Further, step one selects the Flickr8k image subtitle data set.

Further, the second step adopts 16-layer neural network, including convolution, pooling, activation and other operations, and extracts image features by using the convolutional neural network to obtain features with semantic information.

Further, the 16-layer neural network comprises 13 convolutional layers and 3 fully-connected layers, the activation function of each layer is a Relu function, and a Dropout layer is added after the last three layers.

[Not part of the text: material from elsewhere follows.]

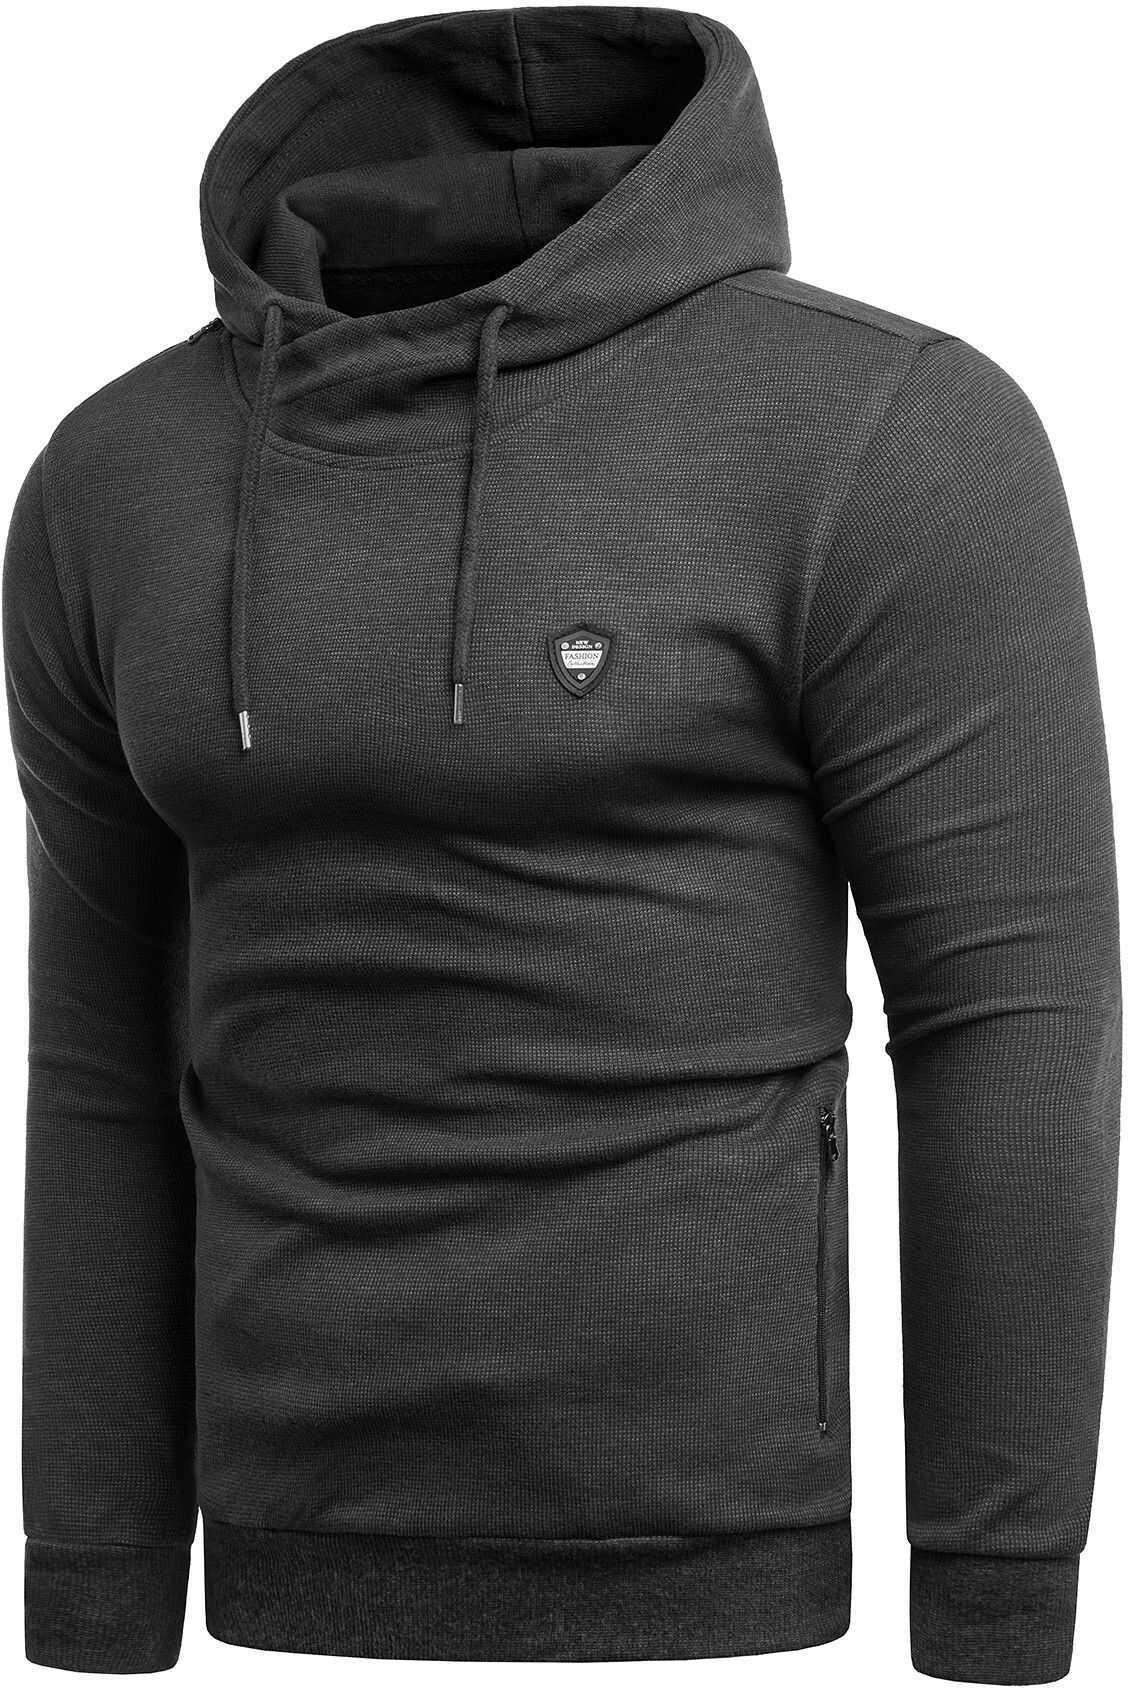 Bluza męska 5334 - czarna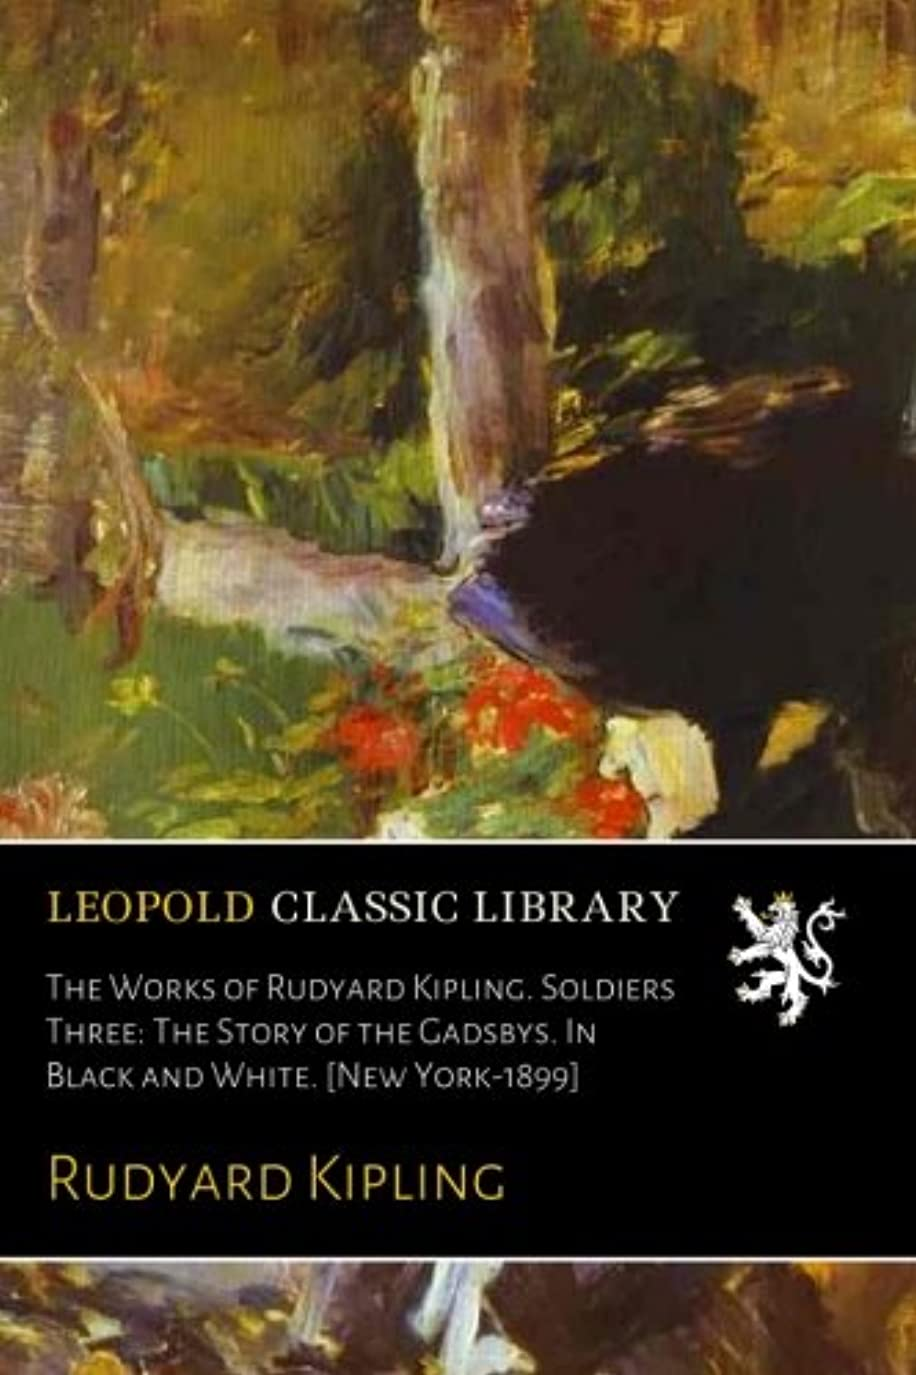 謎細い定説The Works of Rudyard Kipling. Soldiers Three: The Story of the Gadsbys. In Black and White. [New York-1899]

Further, the second step comprises a data set, wherein the data set adopts an ImageNet data set, an Adadelta gradient descent algorithm is adopted as a training algorithm of the second step, and the network parameters are updated according to the following formula:

w_t+1＝w_t+Δw_t (4)

wherein, w_tParameter values representing the t-th iteration, g representing the gradient, E [ g ]²]Representing the moving average of the square of the gradient g, α is the coefficient for calculating the moving average and is typically taken to be 0.99, η is the learning rate 0.0001, and ε is taken to be a small number to prevent the denominator from being 0.

Furthermore, step four adopts an LSTM network added with Dropout, and adopts a method of randomly setting 0 in different time allowable periods, thereby improving the generalization capability of the model.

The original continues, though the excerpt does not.